[Problem requirements]: The listing below should be printed exactly, every line of it. Skip the pictures.

[Data shown]:
- - -
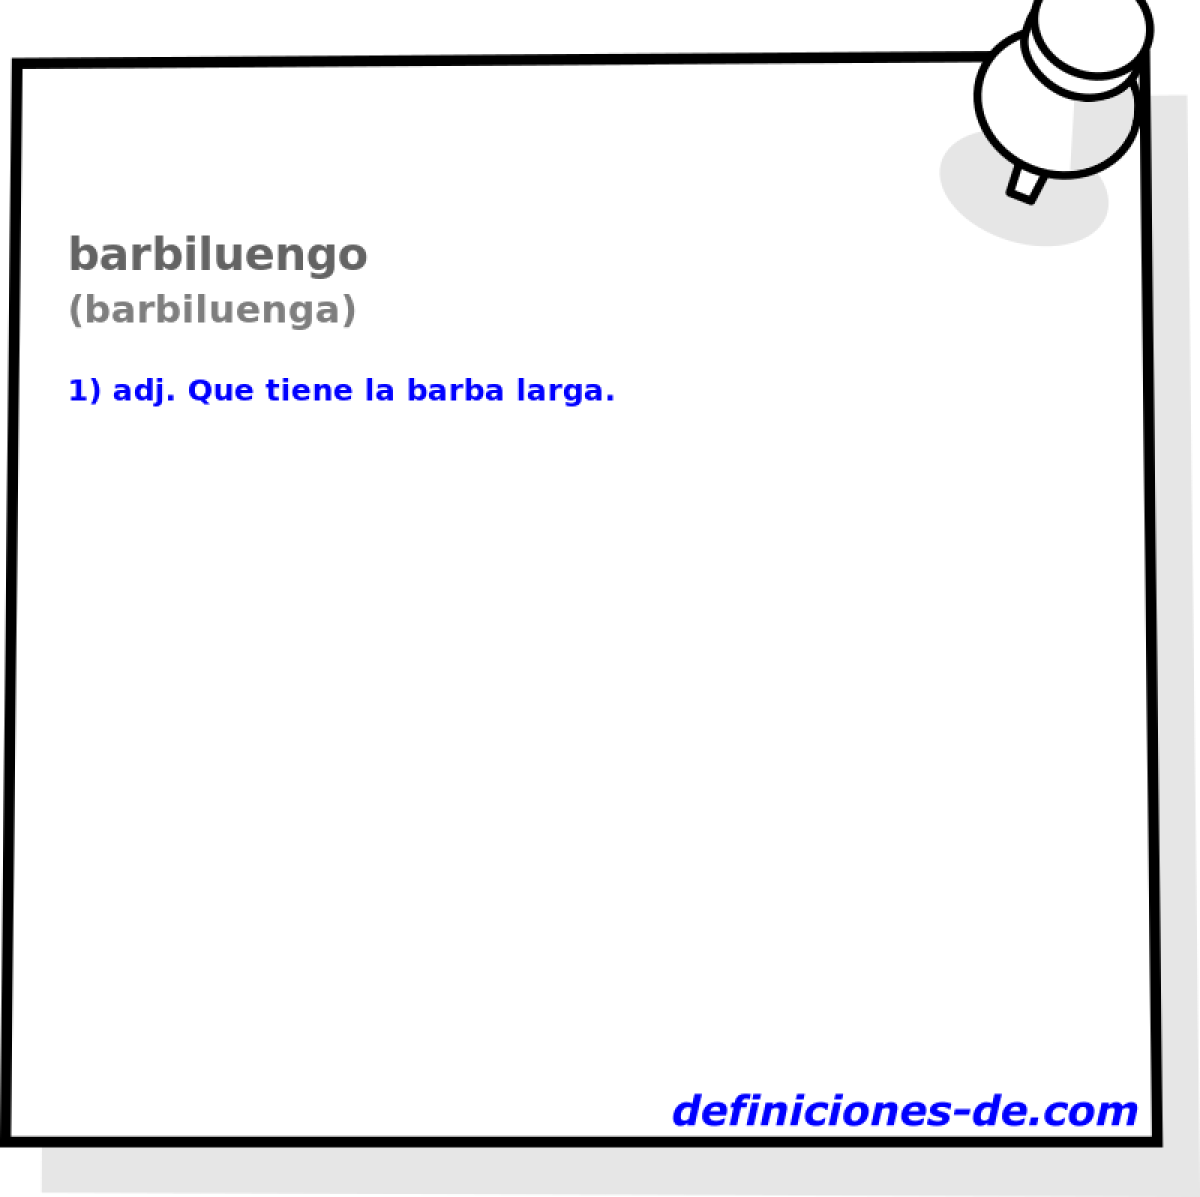 barbiluengo (barbiluenga)
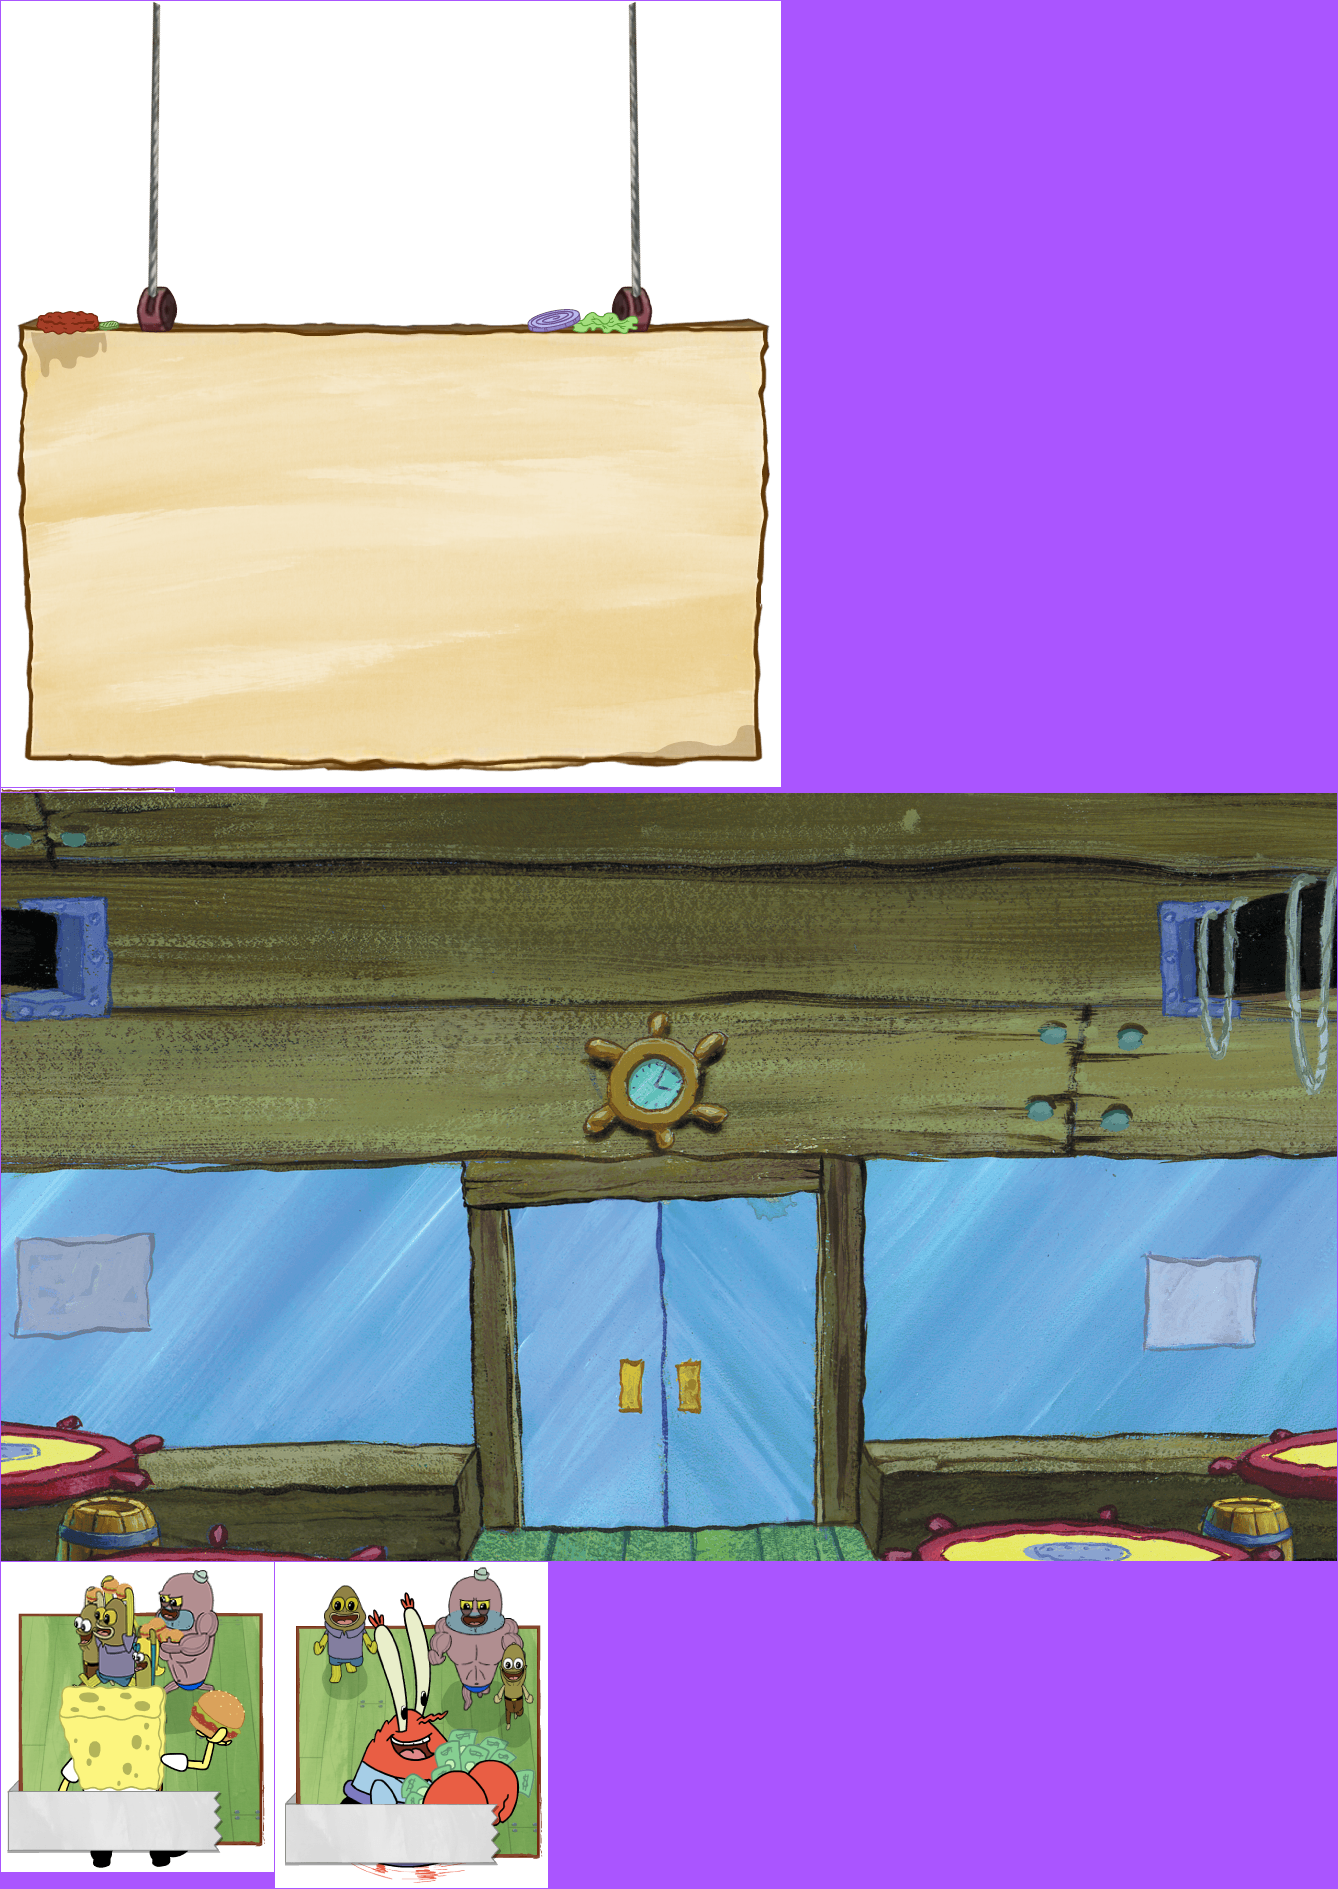 SpongeBob SquarePants: Krabby Patty Crisis - Game Mode
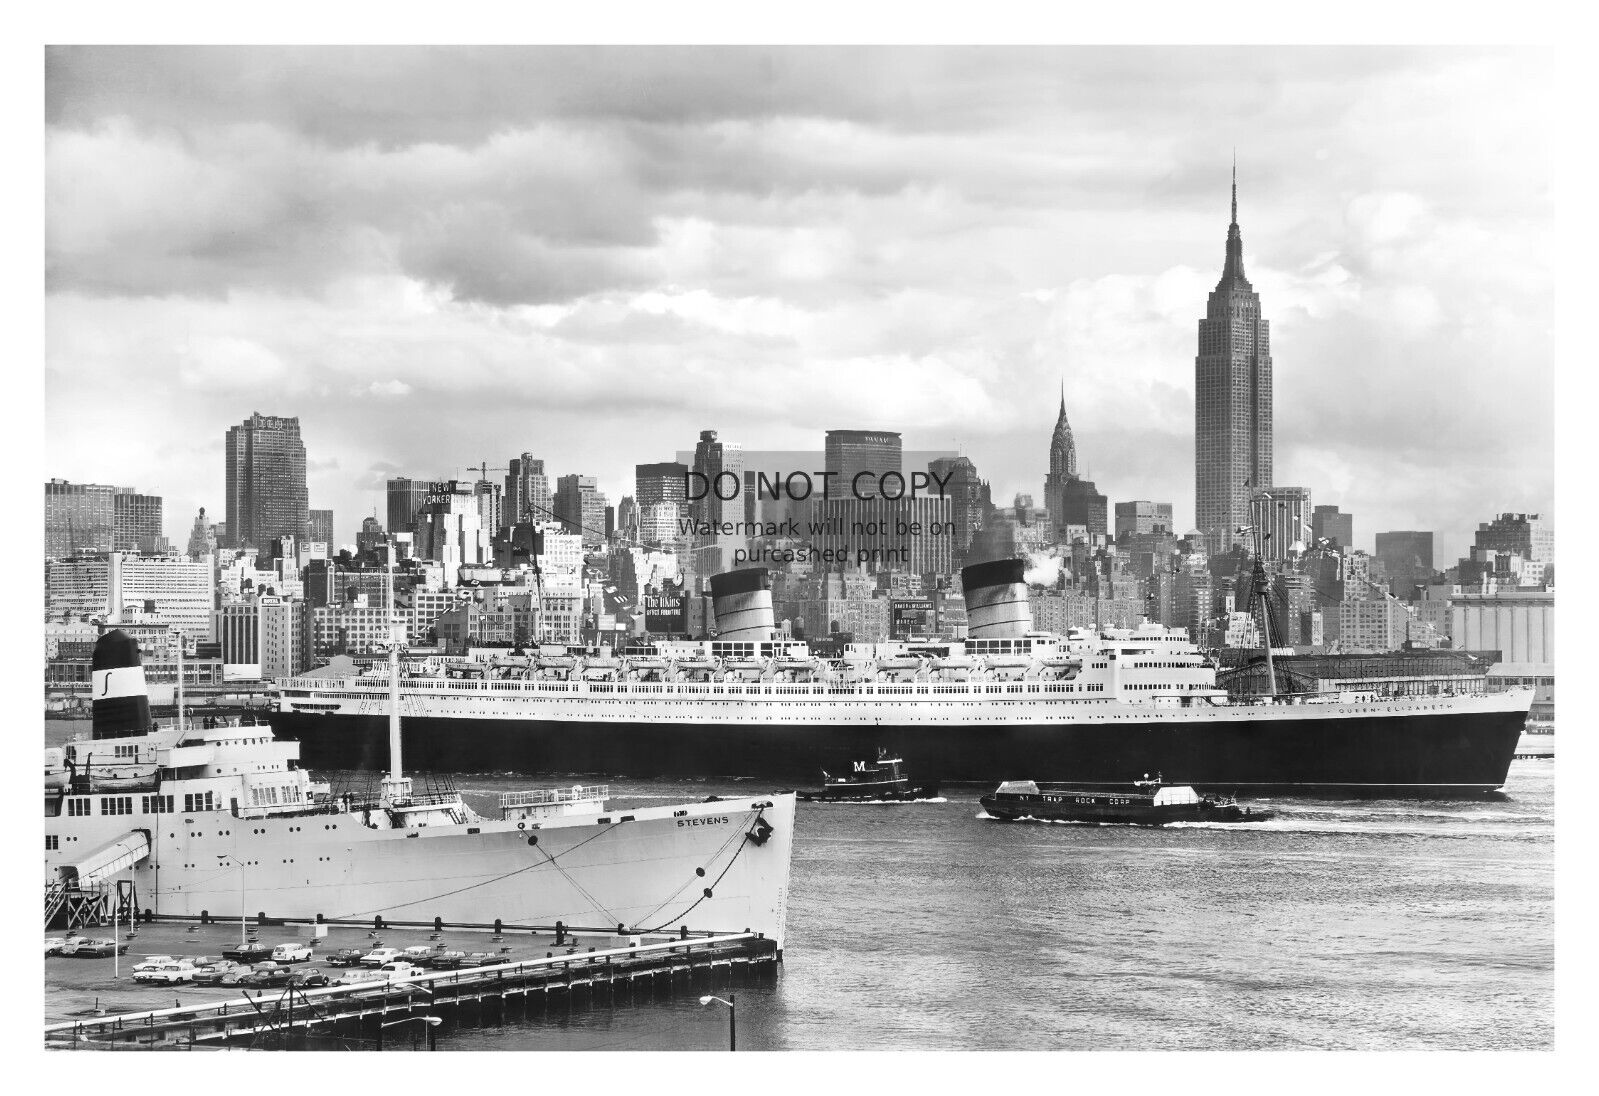 RMS QUEEN ELIZABETH WHITE STAR CRUISESHIP ON HER LAST VOYAGE NEW YORK 4X6 PHOTO
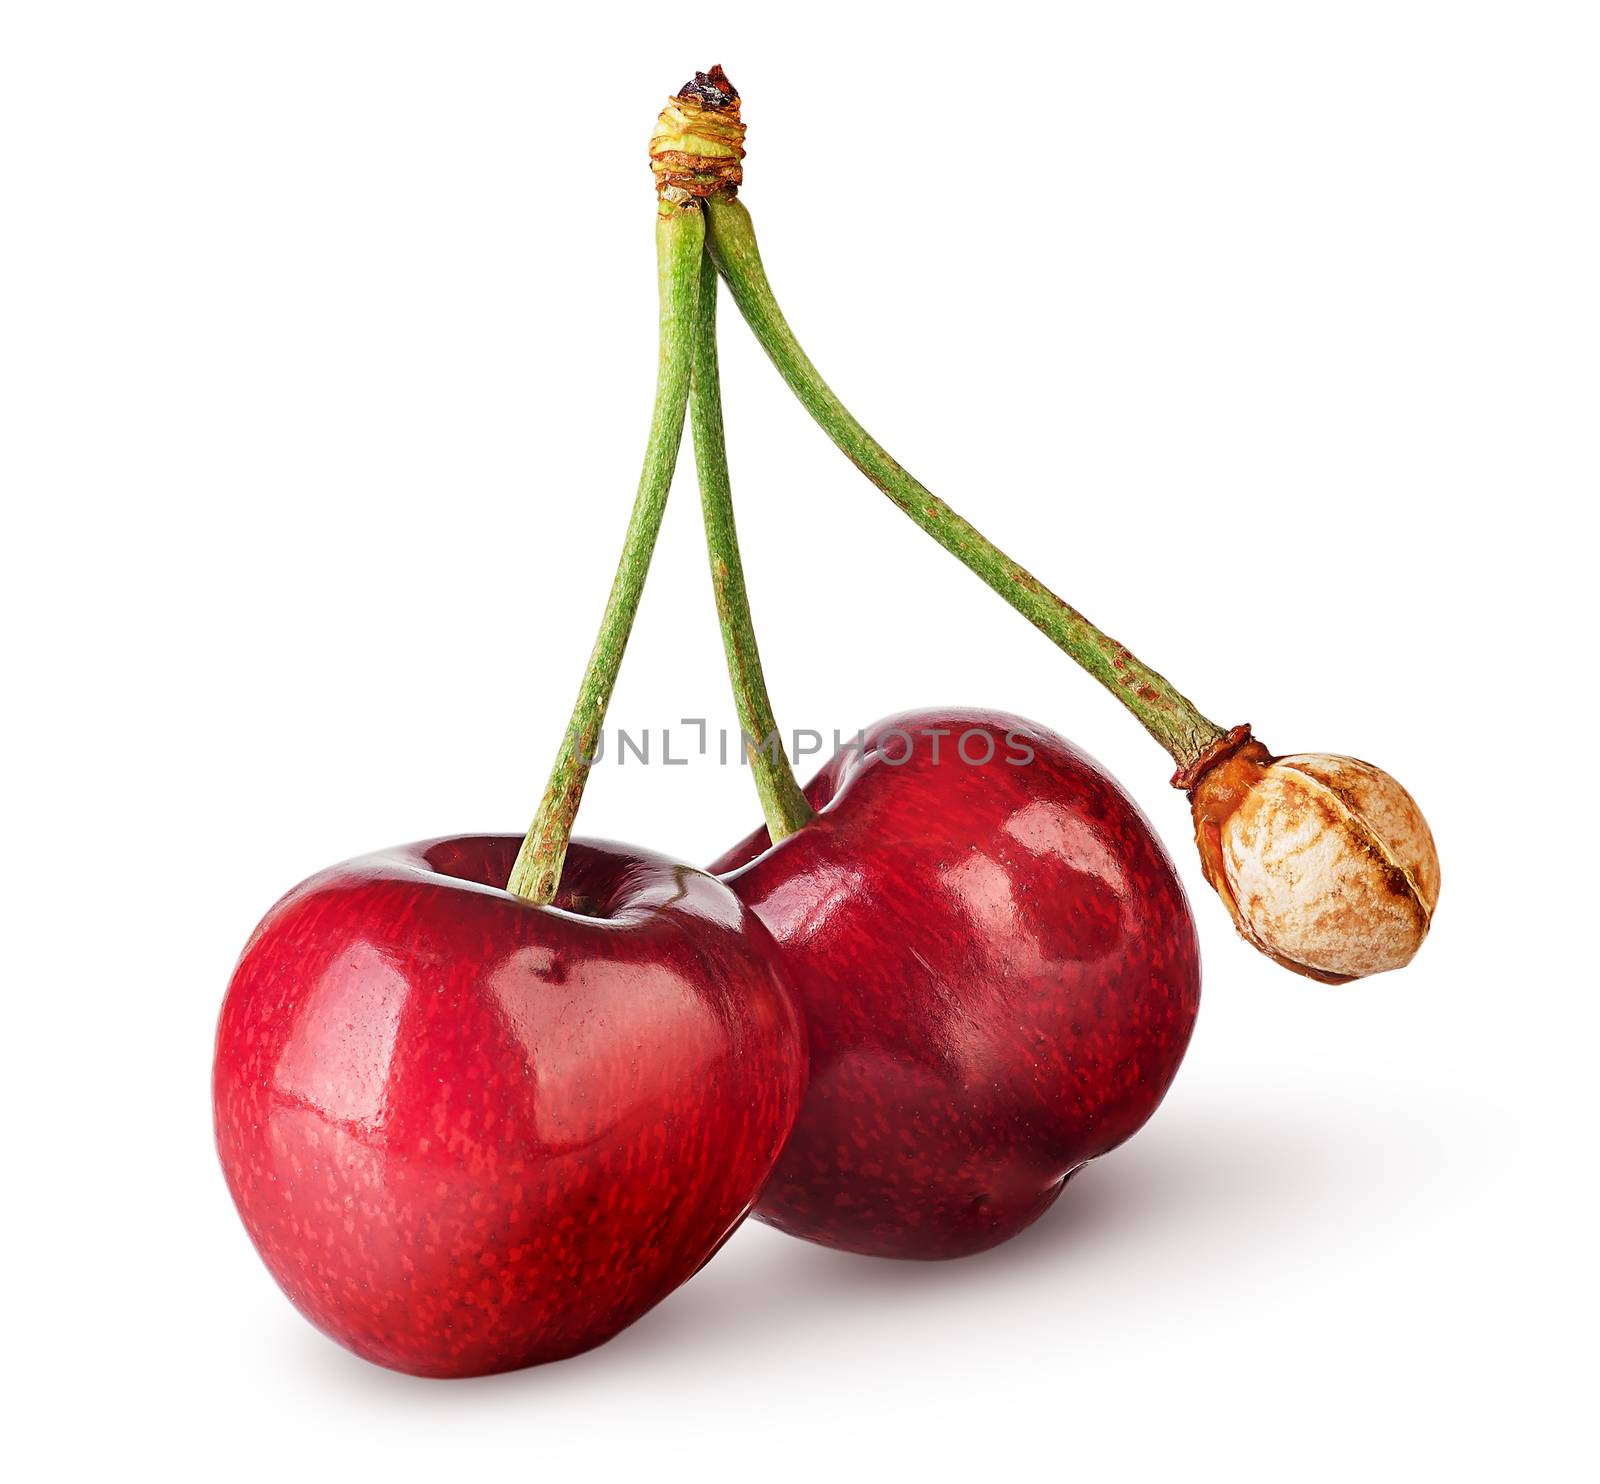 Pair of sweet cherries with bone by Cipariss
- - -
[Written answer]:
 barbiluengo (barbiluenga)
 SpongeBob SquarePants: Krabby Patty Crisis - Game Mode
 RMS QUEEN ELIZABETH WHITE STAR CRUISESHIP ON HER LAST VOYAGE NEW YORK 4X6 PHOTO
 Pair of sweet cherries with bone by Cipariss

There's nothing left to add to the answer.